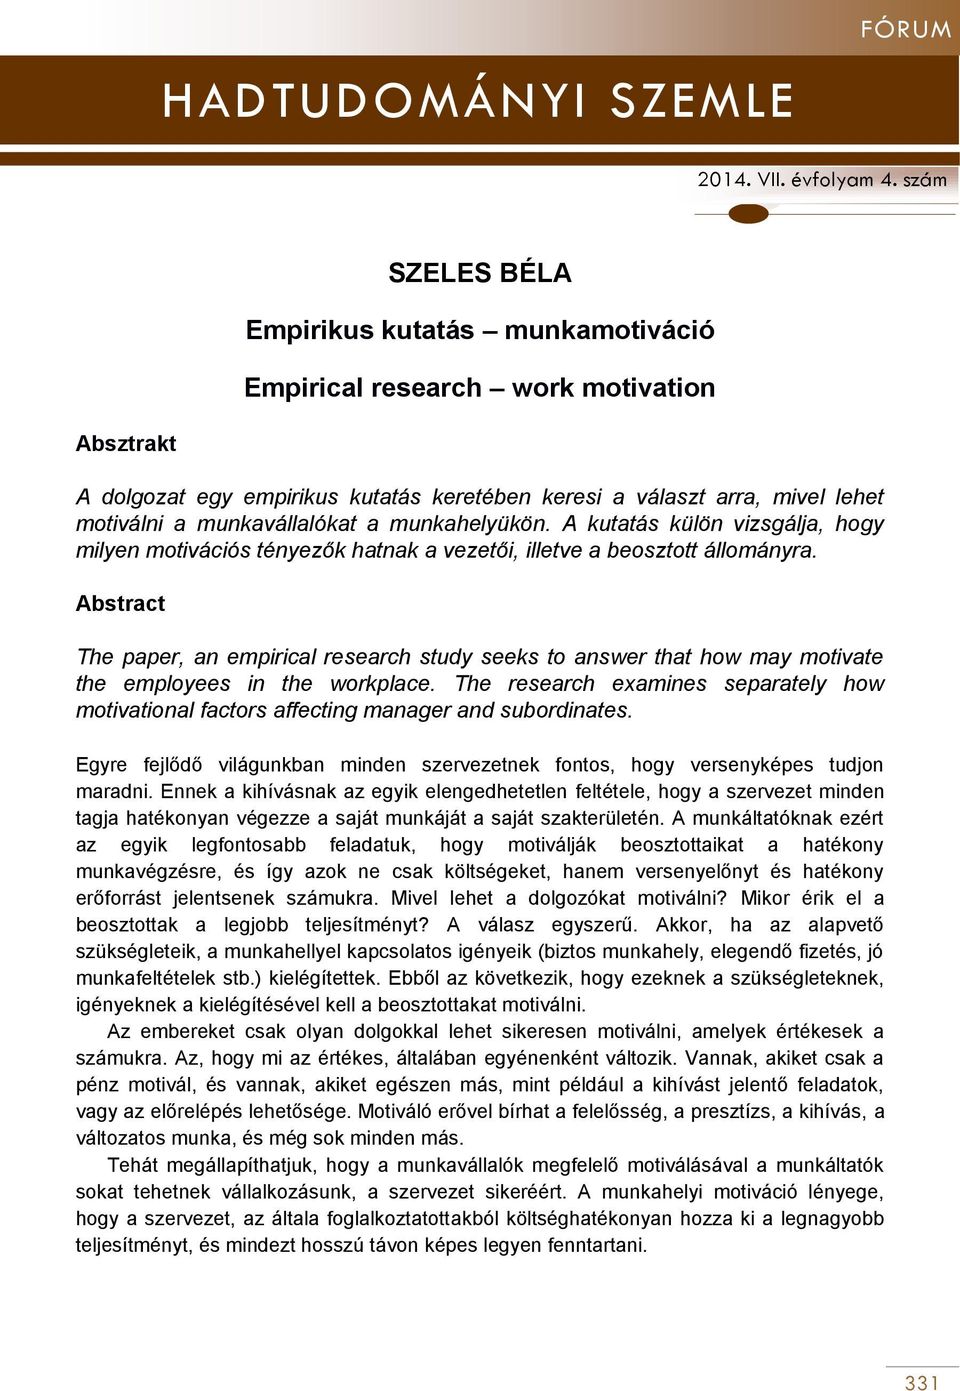 Abstract The paper, an empirical research study seeks to answer that how may motivate the employees in the workplace.
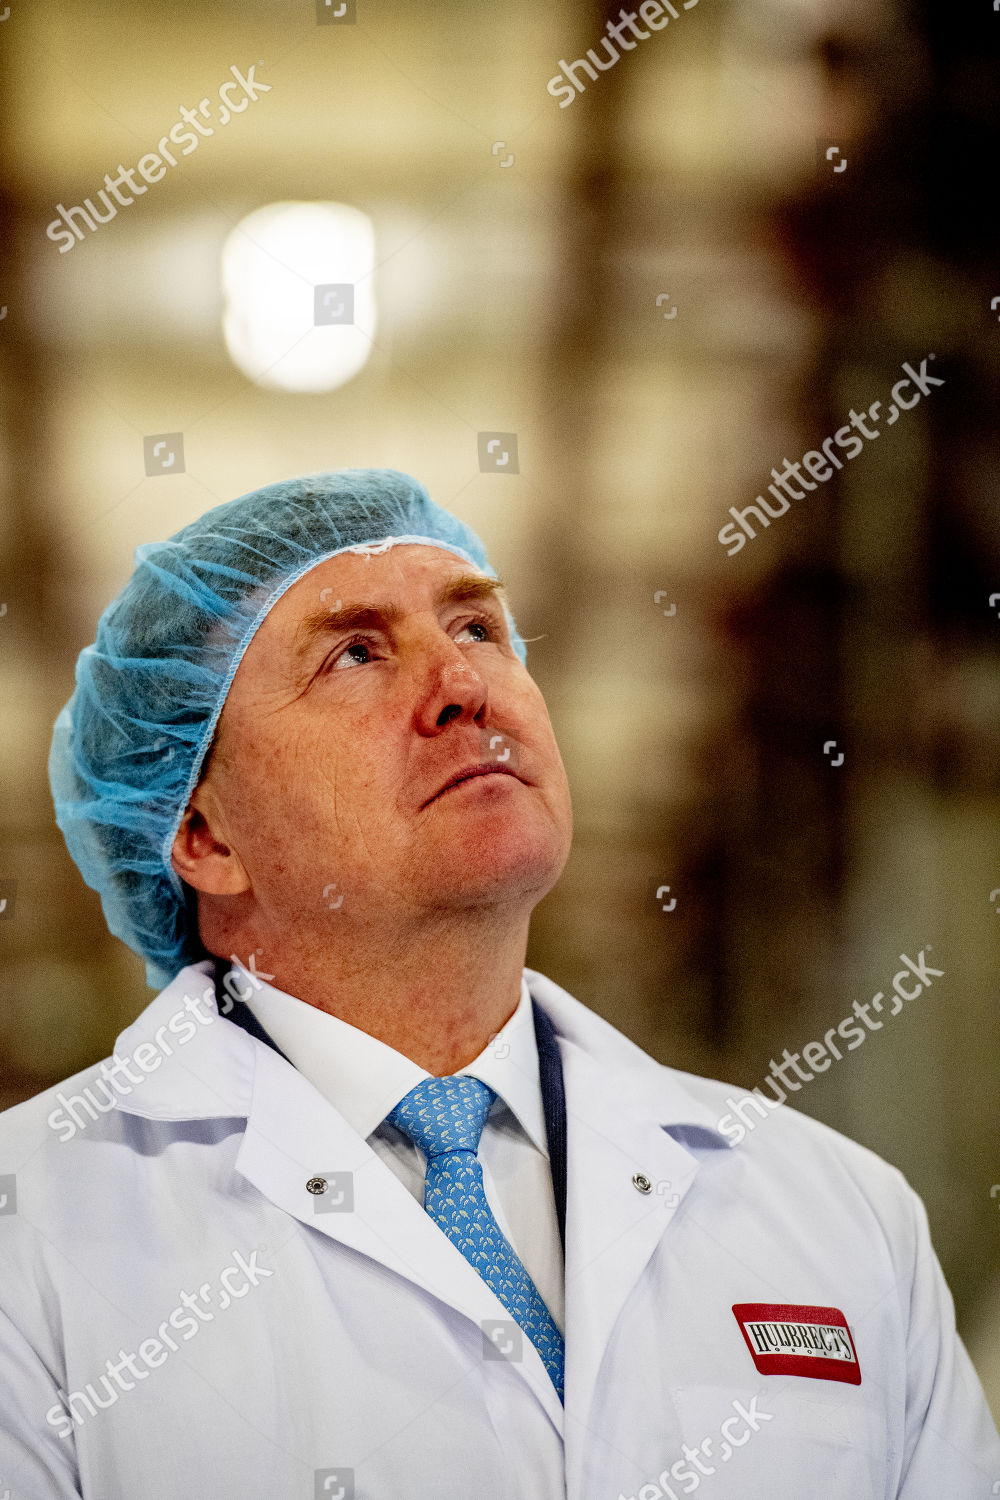 king-willem-alexander-is-making-a-working-visit-to-two-companies-in-brainport-eindhoven-helmond-the-netherlands-shutterstock-editorial-10031459s.jpg
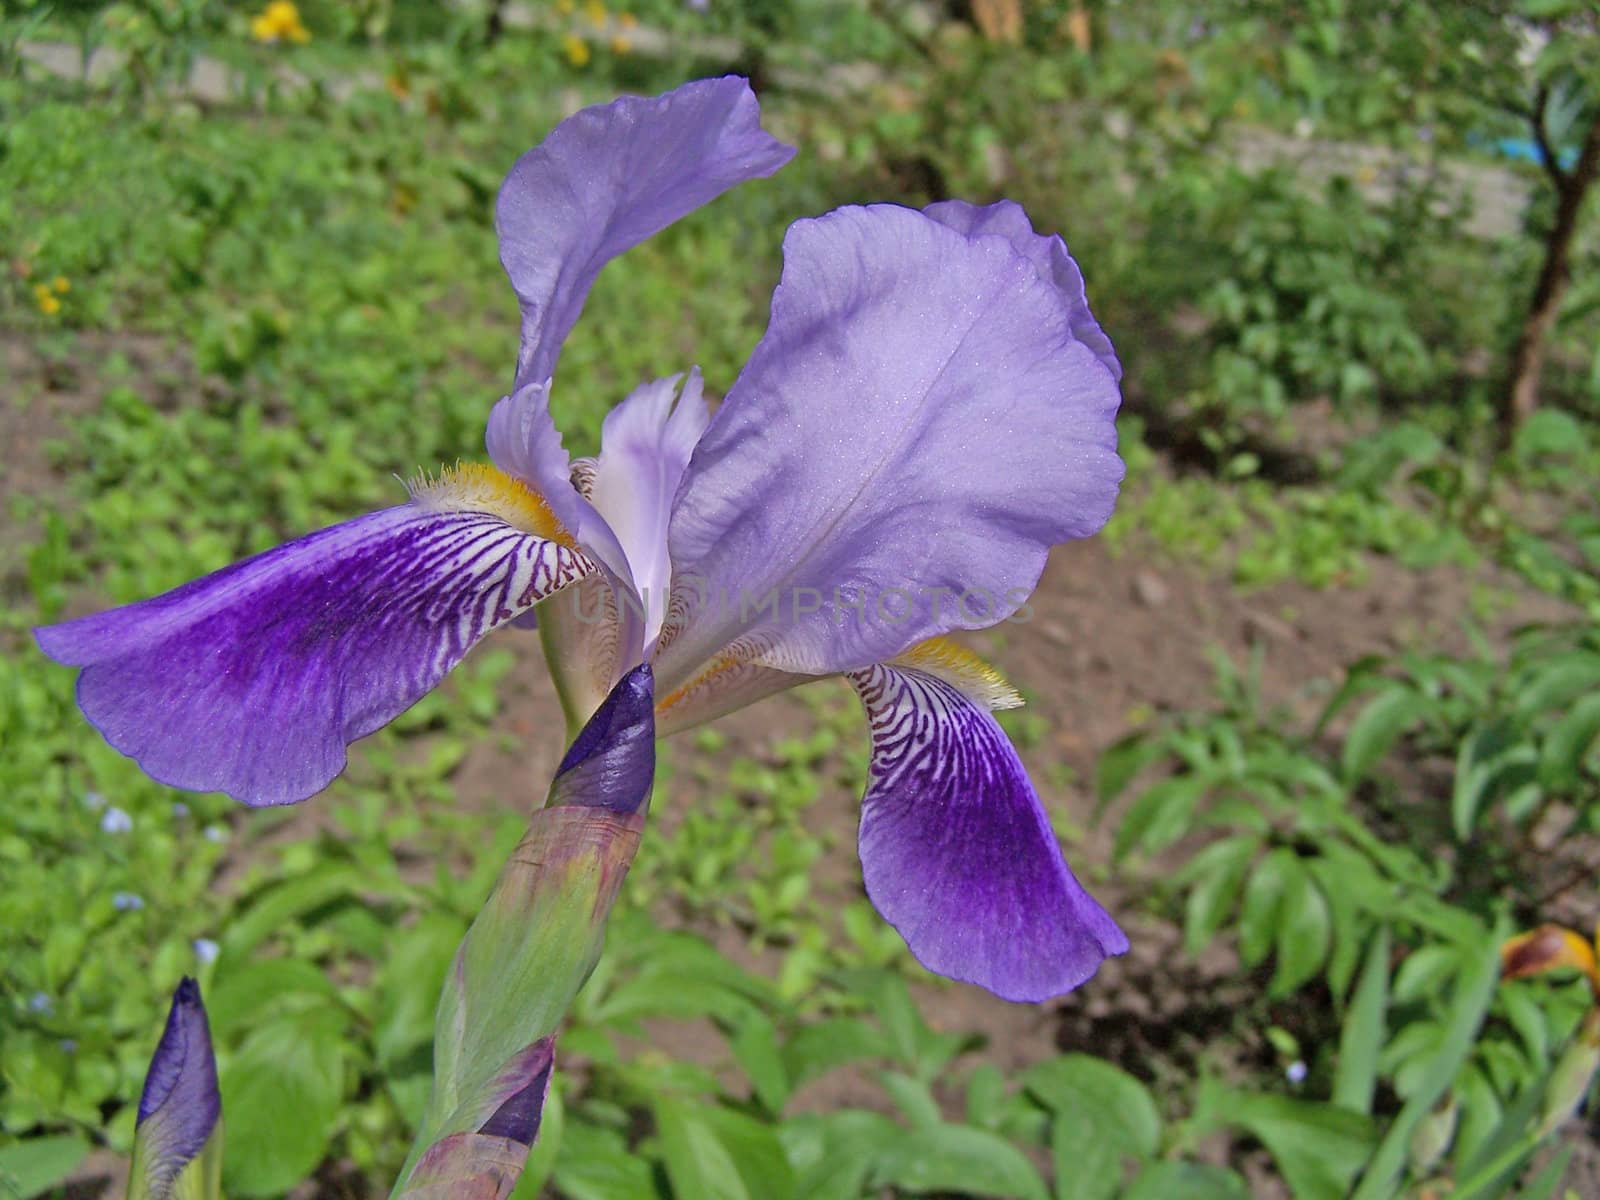 Close up of the lilac and purple colored iris.

## Problem statement:
Leave the pictures out and print the whole listing precisely.

## Solution to this exercise:
 Abstract The paper, an empirical research study seeks to answer that how may motivate the employees in the workplace.
 king-willem-alexander-is-making-a-working-visit-to-two-companies-in-brainport-eindhoven-helmond-the-netherlands-shutterstock-editorial-10031459s.jpg
 Close up of the lilac and purple colored iris.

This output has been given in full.